Compared to other VCS branching in git is super cheap.

All it takes is writing a 40 character string to a file.

In other VCS, branching involves making full copies of directories and can take minutes to run.

Branching and merging can get kind of involved so we leave that for Part III.


Remote branches

Git can also let you commit to branches that are not on your computer.

These are called remote branches.

There are many services for hosting remote repositories.

The most popular one is GitHub

Make an account on GitHub (note: you can get free unlimited private repositories by proving you are a student.


Setting up your ssh key

GitHub needs to authenticate anyone trying to commit to the remote.

The easiest way is to tell GitHub your public key so it can authenticate you without using a password.

If you don’t already have a key-pair:

$ ssh-keygen -t rsa -b 4096 -C "your_email@example.com" 

Then:

#copy public key to clipboard
$ pbcopy < ~/.ssh/id_rsa.pub

Now you have to give GitHub your public key so they can verify your commits are truly coming from the holder of the private key.

GitHub > Settings > New SSH key or Add SSH key > Paste the key


Adding a remote

In GitHub, click ‘New Repository’

Let’s create a new repository from our current local repo.

git remote add origin git@github.com:cgoliver/test.git

This gives us a reference called origin (you can name it whatever you like) to the remote repository.

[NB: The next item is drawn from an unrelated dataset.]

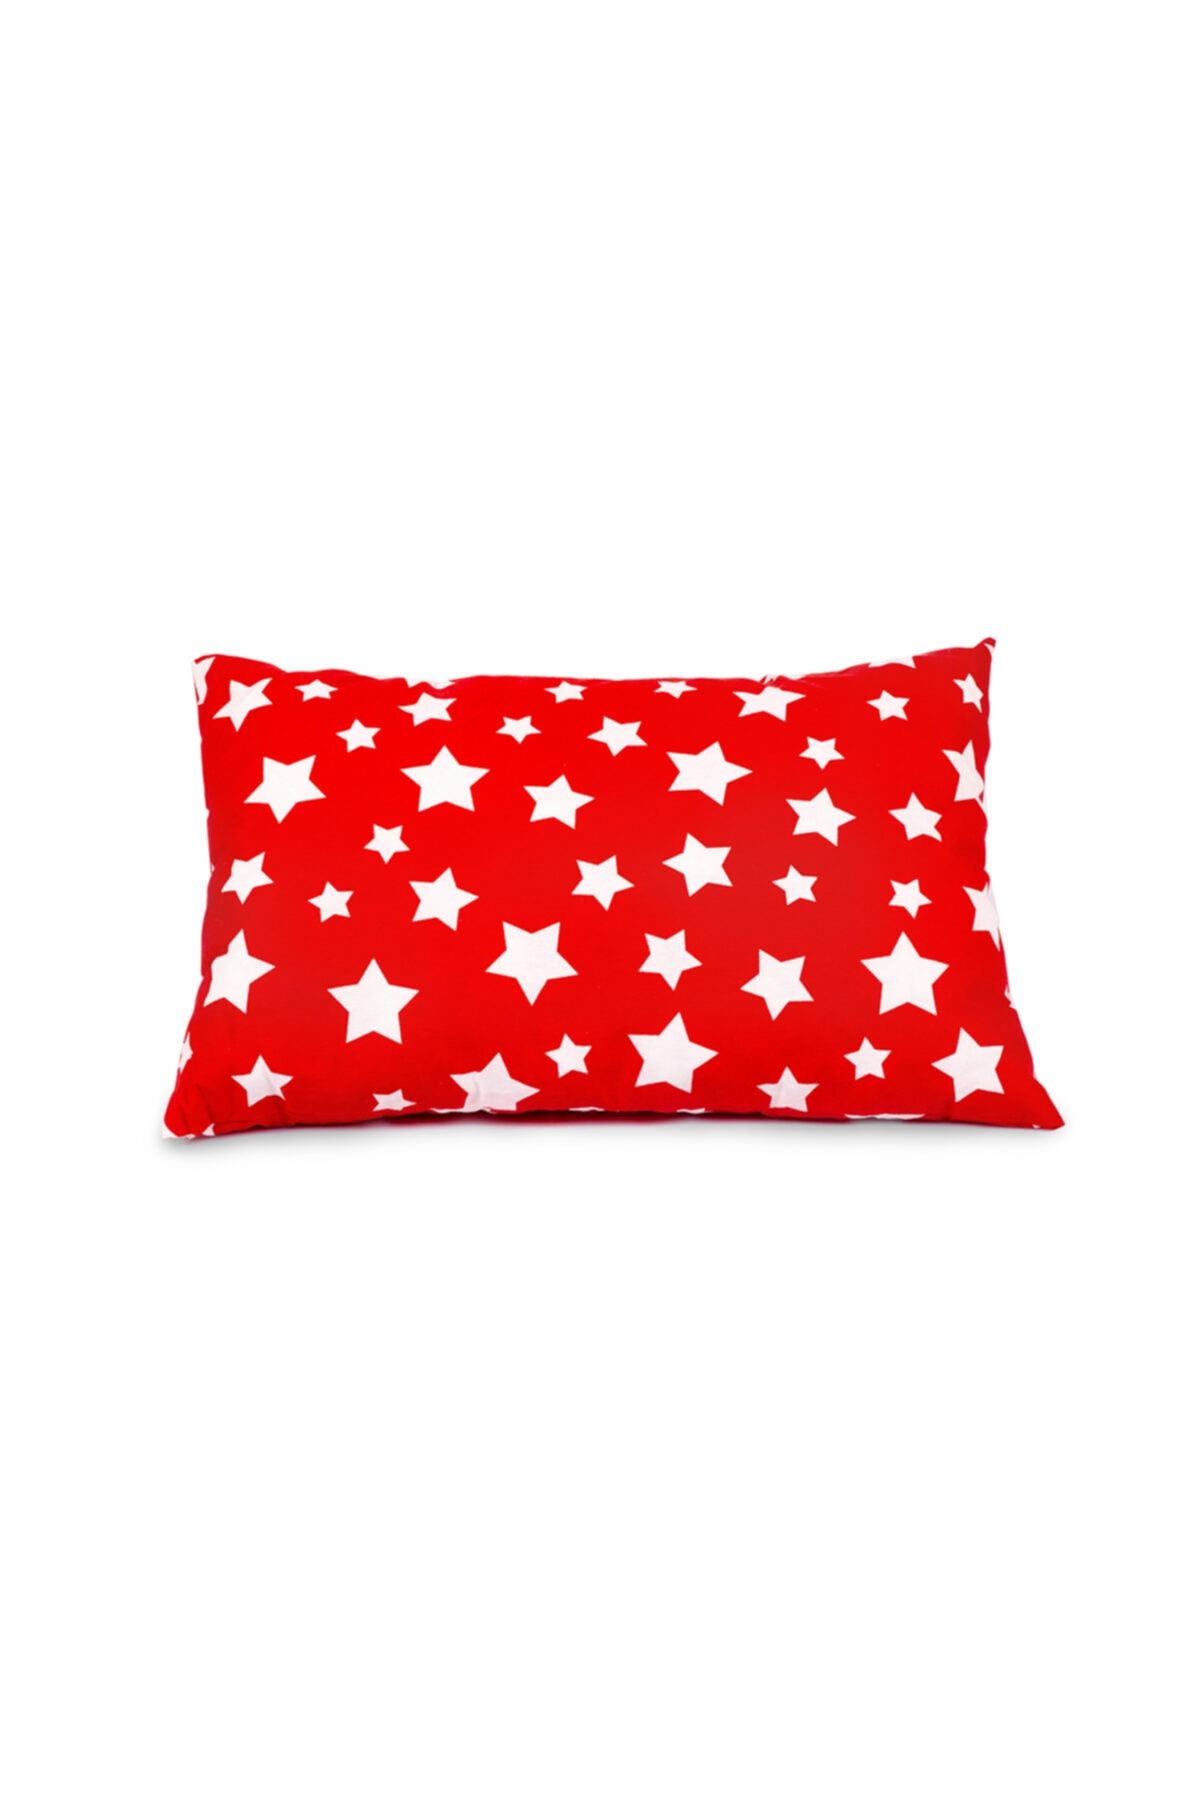 Sluupy Bebek Kırmızı Beyaz Yıldız Figürlü Yastık 35x50 cm

Now we can access branches on the remote using the syntax [remote]/[branchname]

For example, the master branch on our remote will be called origin/master.


Cloning a repository

Let’s say we all want to collaborate on the same project.

You can download (aka clone) it and commit your own changes to it.

git clone git@github.com:cgoliver/CMGS.git

Give me your username and I’ll give you access to modify the repo.


Basic remote workflow

Once your repo is cloned, and you have full permission you can work and commit normally.

I. Make sure you are up to date with the remote

$ git fetch origin
$ git merge origin/master

fetch gets the latest status from the remote.

If you like it you can merge it to your local master.

Shorthand:

$ git pull

II. Commit your changes locally

$ git commit -am "my changes"

The -am option adds the changed state of the repo and commits at the same time.

III. Publish your changes.

$ git push origin master

Pushes your master branch to the origin remote.